Map centered on the North Pole plotting archived data from multiple sources.
On the map centered on the North Pole, the declination (deviation from the geographic north) and inclination (angle with the horizontal) of the geomagnetic field have been recalculated to a virtual geomagnetic pole (VGP) for each location under the assumption of a true geocentric dipole field. Via this way of plotting, small deviations from the true dipolar field are translated into a seemingly migrating magnetic pole, tracing a VGP path as function of time describing the paleosecular variation (PSV). The authors put all archived data on today’s accepted standards; 1185 archeological sites passed the filters (out of 5377 sites). The archives represent 60 years of effort from three of America’s foremost archeomagnetists and their students (scientists who utilize dated archeological artifacts to create a master PSV curve that can subsequently be used to date other archeological artifacts): DuBois (circles), Wolfman (diamonds) and Eighmy (triangles). The data are colored by century from 600 to 1900 CE (Common Era). Credit: Jones et al. [2021], Figure 6
Editors’ Highlights are summaries of recent papers by AGU’s journal editors.
Source: Journal of Geophysical Research: Solid Earth

The geomagnetic field shows regional changes in declination (angle with geographic north), inclination (angle with the horizontal), and intensity on centennial time scales, known as paleosecular variation (PSV). By making use of dated archeological artifacts, so-called PSV master curves have been put together tracing the field behavior for the most recent millennia for several regions on Earth, with a focus on declination and inclination trends because getting good quality intensity from archeological artifacts is considerably more tedious.
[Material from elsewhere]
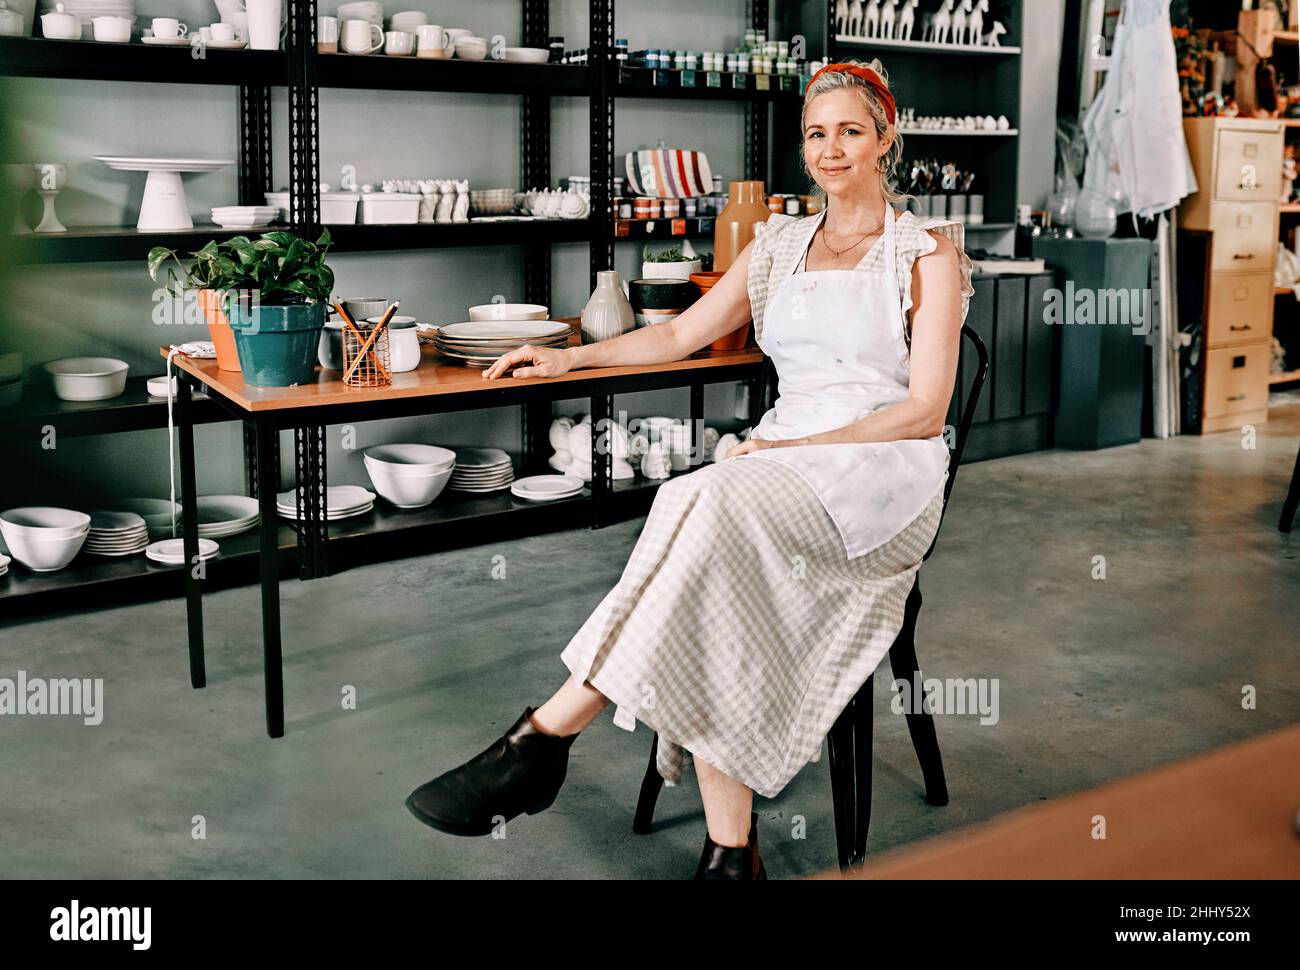 J'ai travaillé dur pour mon studio.Portrait court d'une femme mûre attrayante assise seule dans son atelier de poterie pendant la journée. Banque D'Images

Jones et al. [2021] have unlocked the vast USA PSV legacy database that was until now surprisingly poorly accessible. Those legacy data represent 60 years of research effort and was resting in the laboratory archives of three of America’s archeomagnetism giants: Dubois, Wolfman, and Eighmy. The authors performed a Herculean job: they had to return to the raw data archives, put all data on common and modern standards, essentially redo the data interpretation, and apply today’s reliability criteria which are much stricter than those in use in the 1960s-1990s (only 1185 out of 5377 archeological sites passed).

The result is worth the effort: A new robust regional PSV curve is established for the Four Corners region in the USA that reconciles previous partly conflicting curves, enabling precise dating of Native American structures. Further, having these data now available in accessible data bases will lead to significantly improved geomagnetic field models (both regional and global).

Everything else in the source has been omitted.